Элюш, сынок! И ты, видать, не появишься. А далеко ли твой Нефтекамск? Сядь в автобус - и через час ты уже здесь, в родной деревне, дома у матери. Если по мне не соскучились, хотя бы дом родной посмотрели, деревню свою. Может, и обратно потянуло бы! А что! Мясо, молоко, масло - все свое. А вы это только в магазинах покупаете.

Попробовала пожить у вас, все видела своими глазами. Но жизнь не удалась, город не по мне. Да и не приняли вы меня душой, вынуждена была уйти. А случай один до конца жизни не забуду.
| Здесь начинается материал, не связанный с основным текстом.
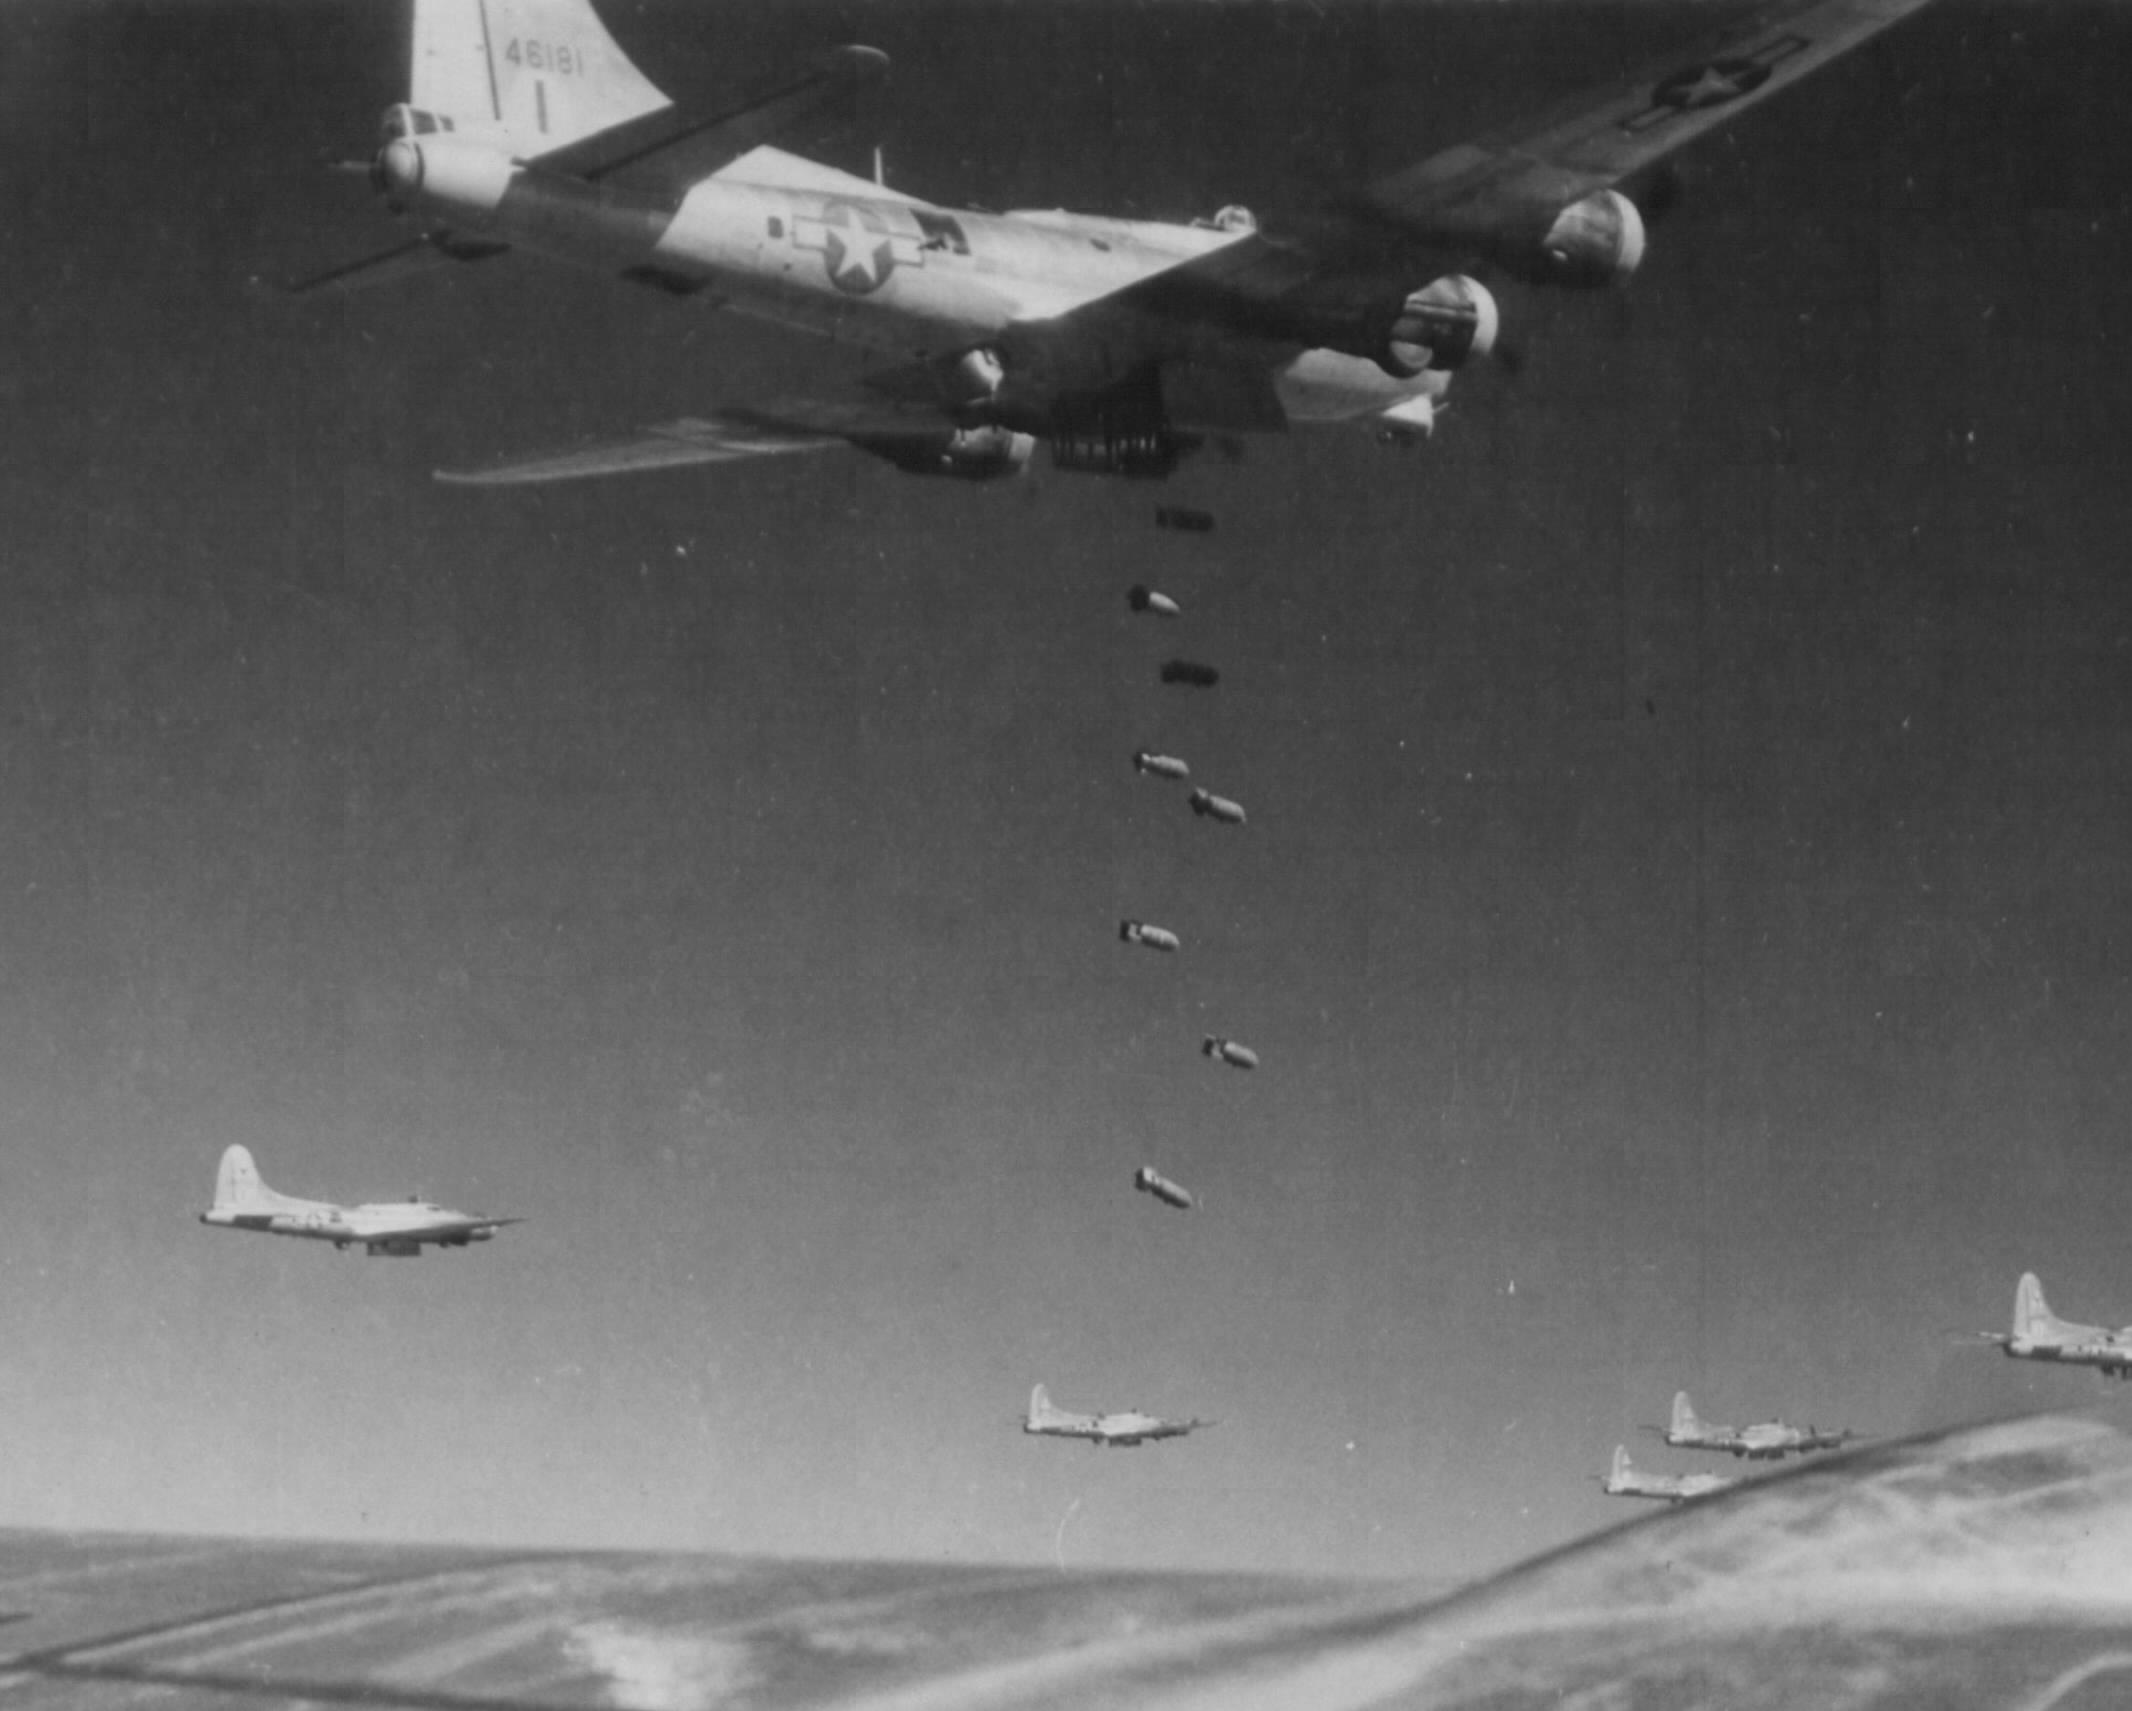 B-17 #44-6181
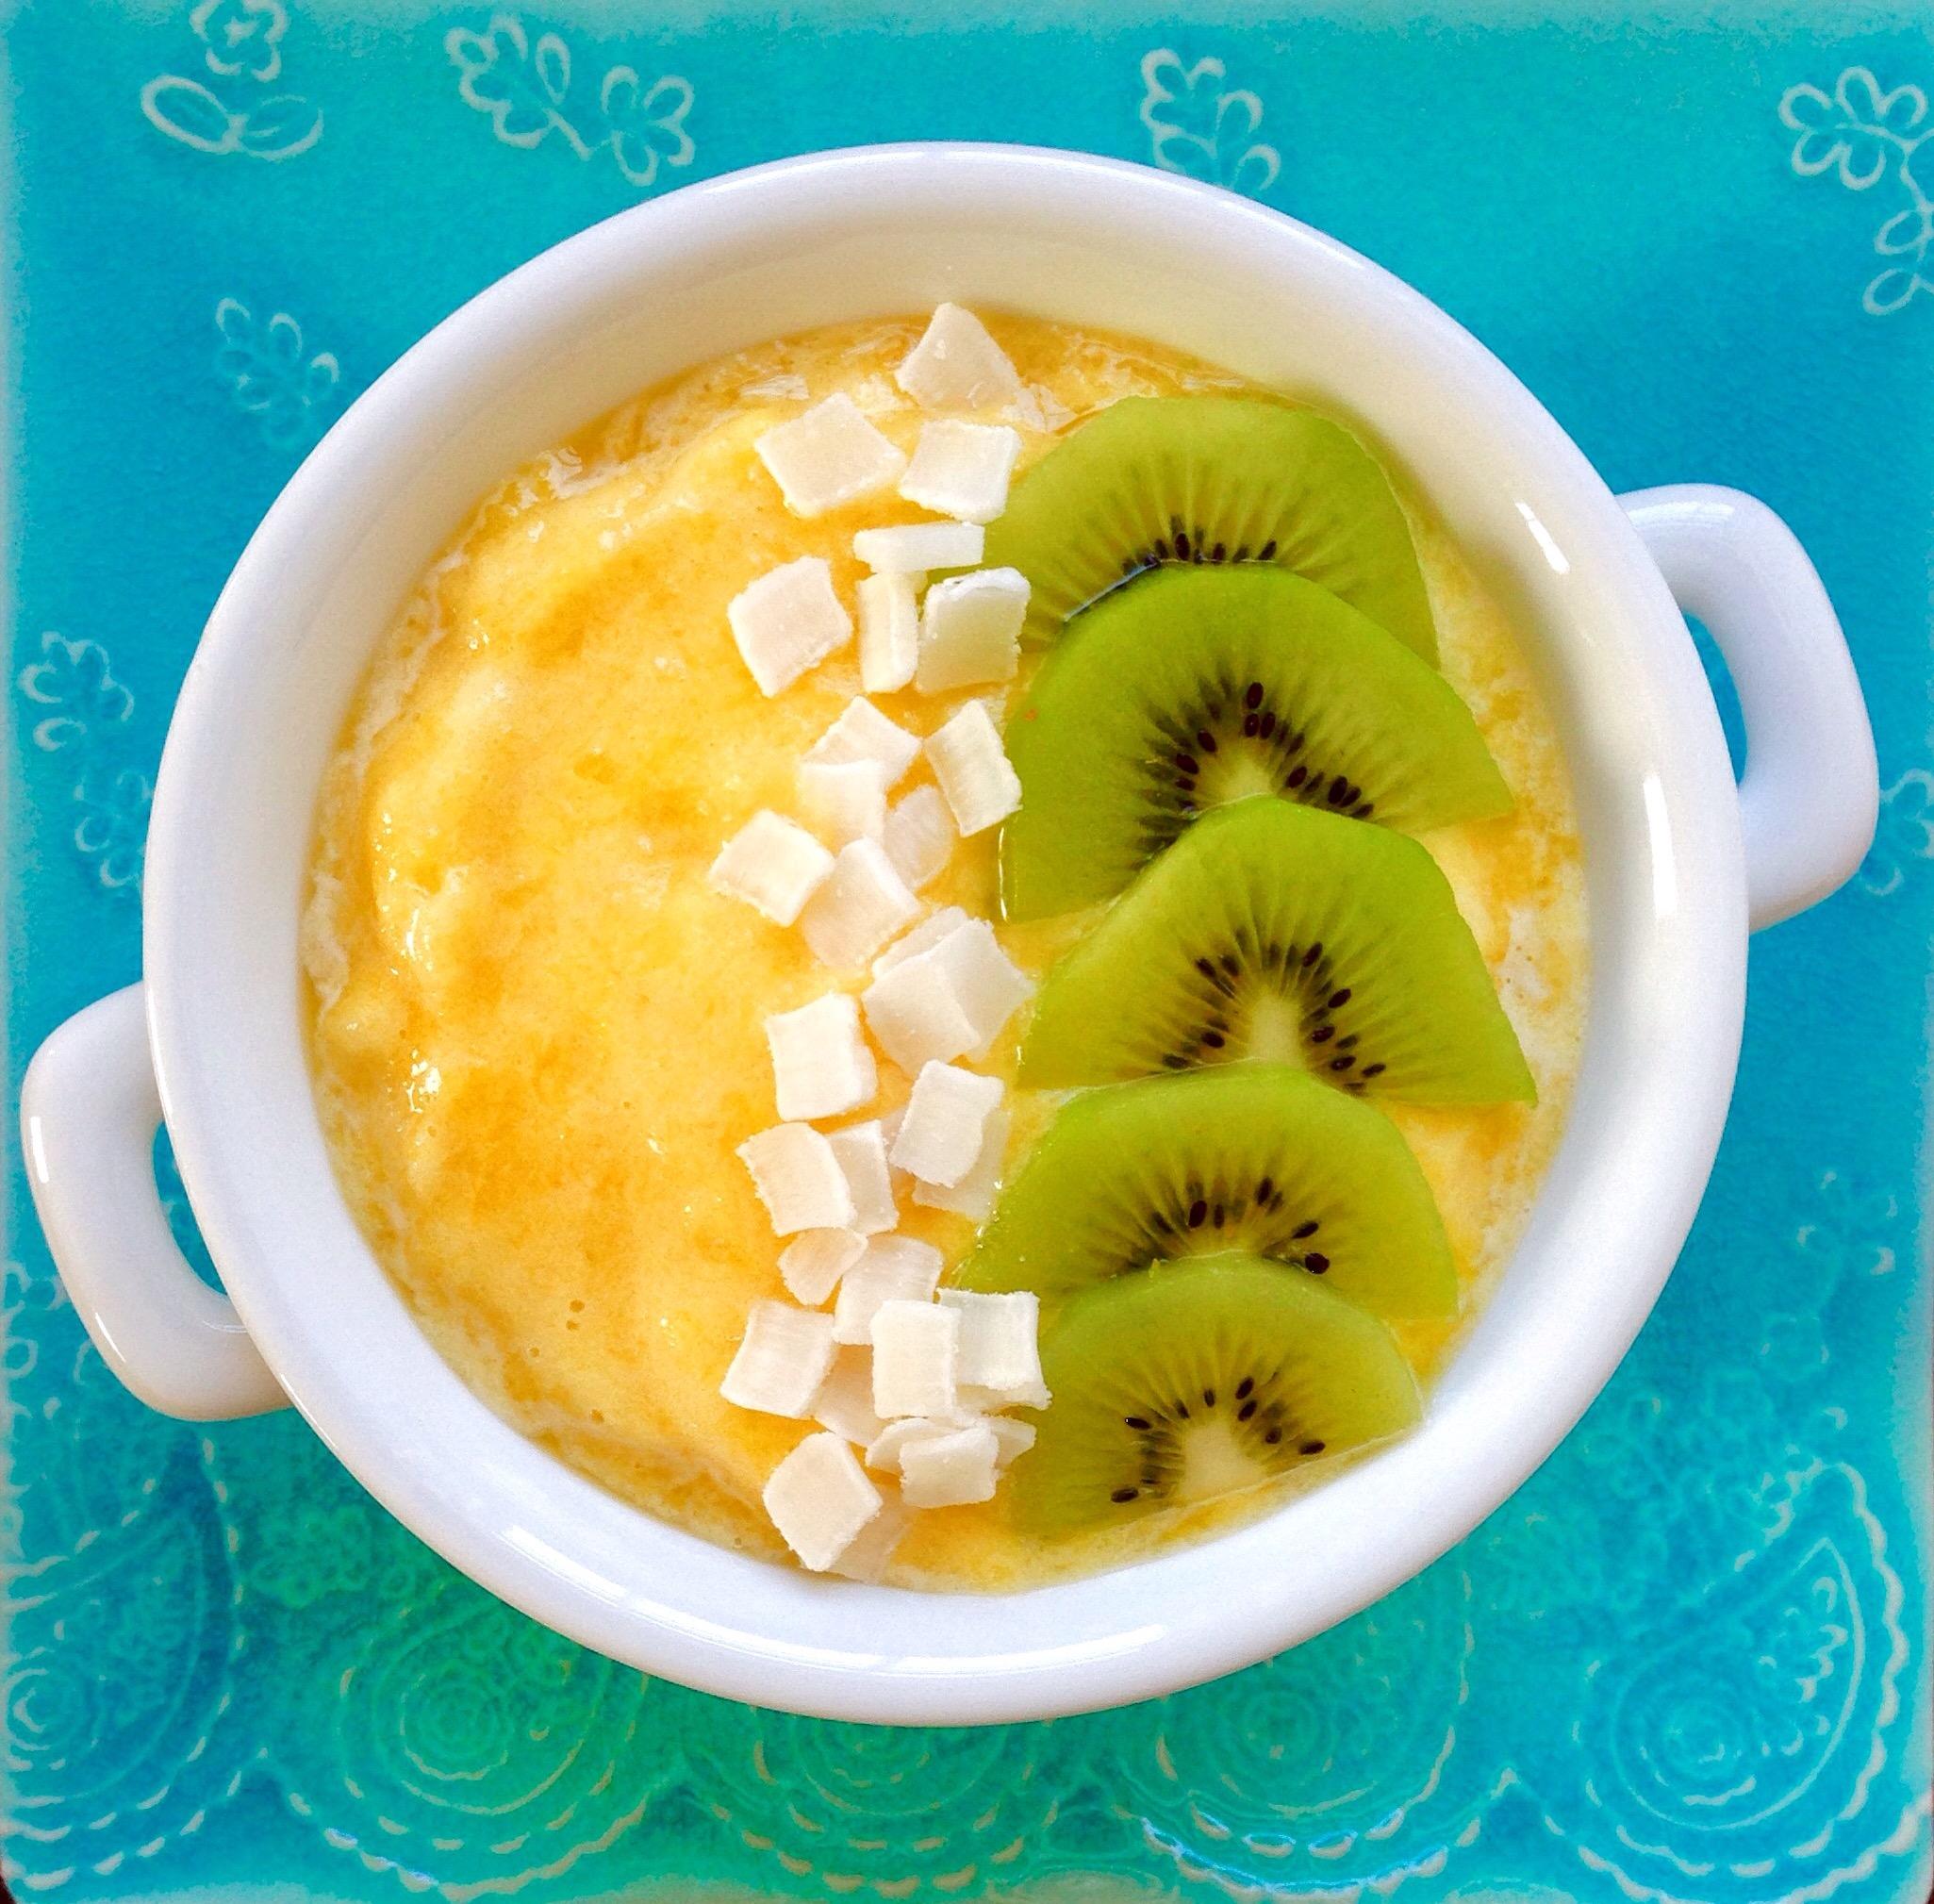 Mango-Pineapple Whip

Как-то раз от нечего делать вышла я на улицу, во двор. Присела на скамейку. А через дорогу стоят эти кон... кон... контай... неры - фу, даже не выговорить. Ну, знаете сами. Они переполнены домашним мусором, отходами. И на земле такие же кучи. И над ними, как на навозной куче возле сарая в деревне, туча мух. Гудят как пчелы у ульев. Гляжу - одна ворона опустилась на мусорный ящик, рядом присела другая. Крупные, жирные. Начали клевать выброшенный хлеб. Одна неохотно, лениво как-то клюет, переворачивает булку и так и эдак, дескать, качество не то. Другая, опытная, видать, чертовка, кричит ей на своем вороньем языке: «Брось! Черствый же хлеб. Другой найдем!» Не вынесла моя душа: «Ах вы, заразы! Кыш отсюда!» - прогнала я их. Подняла хлебушек - нормальный, не порченый, только почерствел малость. Отряхнула, отерла и понесла домой. А в это время как раз сноха Сакела домой идет, на обед. «Откуда это?» - спрашивает. «Отняла у ворон. Они над хлебом издевались, - отвечаю. - Нельзя так, хлеб как-никак...»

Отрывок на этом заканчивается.